Effect of Replicate Design on Drug Variability and Bioequivalence in Humans
- *Corresponding Author:
- Dr. Nasir M. Idkaidek
College of Pharmacy
Petra University, Amman, JORDAN
E-mail : [email protected]
Received Date: November 08, 2009; Accepted Date: December 13, 2009; Published Date: December 13, 2009
Citation: Najib NM, Salem I, Idkaidek NM (2009) Effect of Replicate Design on Drug Variability and Bioequivalence in Humans. J Bioanal Biomed 1:014-016. doi: 10.4172/1948-593X.1000003
Copyright: © 2009 Najib NM, et al. This is an open-access article distributed under the terms of the Creative Commons Attribution License, which permits unrestricted use, distribution, and reproduction in any medium, provided the original author and source are credited.

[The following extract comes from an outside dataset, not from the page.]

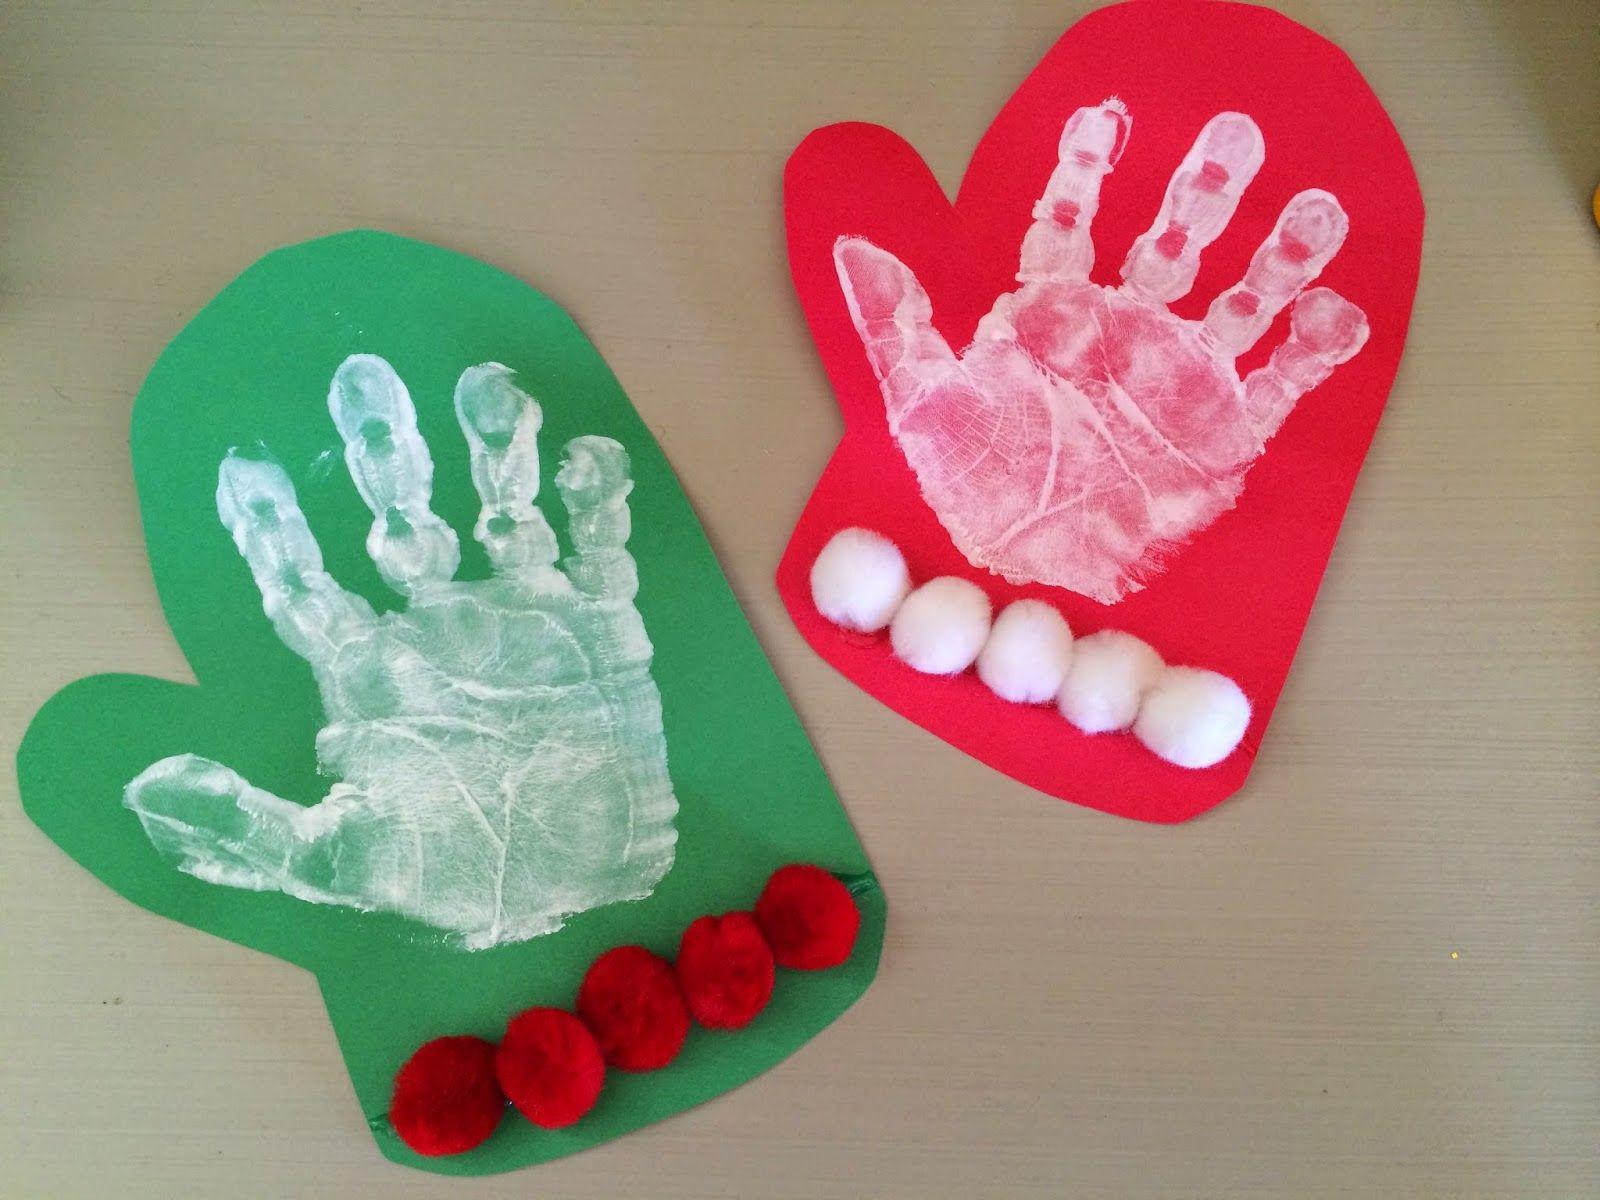 Holiday handprint footprint crafts footprint crafts for Winter holiday crafts for kids
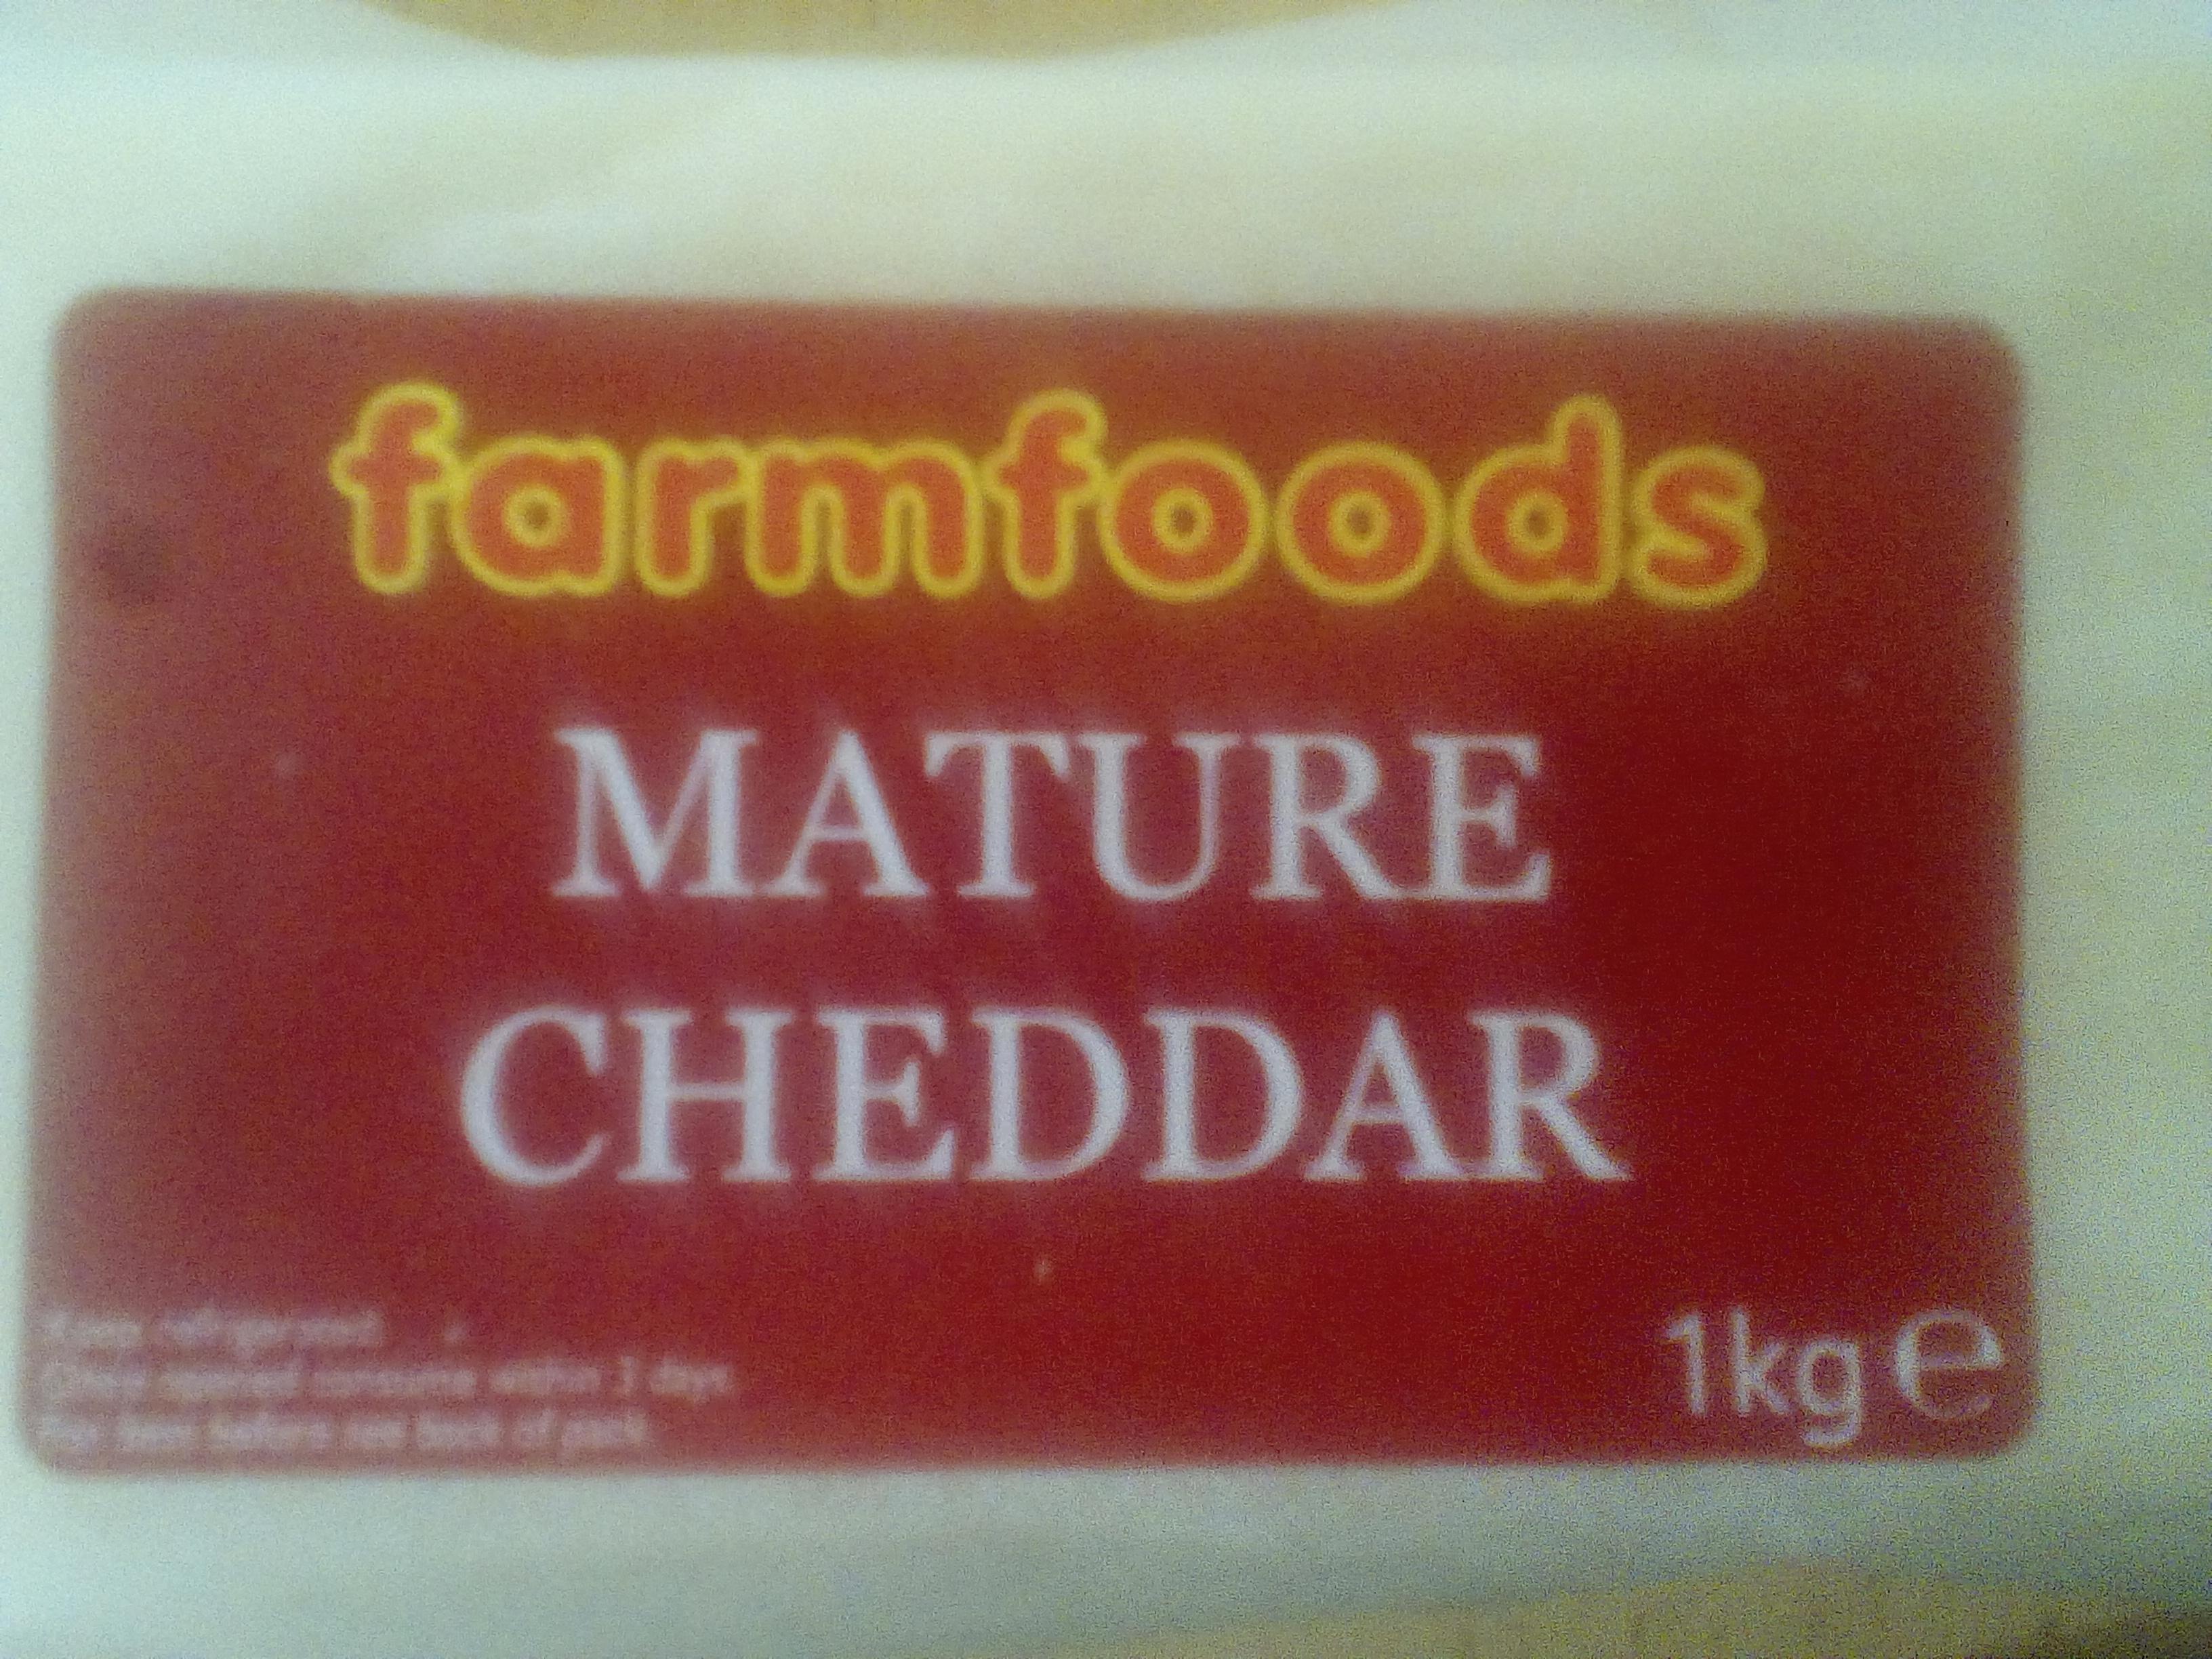 Mature Cheddar 1kg Farmfoods - £4.50

The purpose of this study is to investigate the effect of using replicate design on the intra/inter subject variability and bioequivalence of drugs in healthy volunteers. Model drugs used for analysis were amoxicillin/clavulanic acid combination. 24 healthy subjects participated in this study using 4-phase replicate cross over design. Individual disposition kinetic parameters of areas under plasma concentrations (AUC0-t) and maximum concentration (Cmax) were calculated by non-compartmental analysis using Kinetic program V 4.2 using all phases. The 90 % confidence intervals for log-transformed AUC0-t and Cmax were calculated for phases I & II; then for phases I, II and III; and for phases I, II, III and IV respectively. The intra and inter-subject variability values did not show a trend to decrease by the increase in phases included in analysis in both drugs and for both parameters. In addition, the 90 % confidence intervals for log-transformed AUC0-t and Cmax passed the 80-125 % limit range in both drugs for all phase combinations, even though Cmax variability was shown high for clavulanic acid. However, individual bioequivalence was shown for AUC and not shown for Cmax of both drugs. These results suggest not using replicate design as an approach to show the high inter/intra subject variability of highly variable drugs and hence justify wider acceptance limits of 75-133 % as recommended by the draft EMEA guideline. Literature information about drug high variability should be adequate to justify using wider acceptance limits of 75-133%.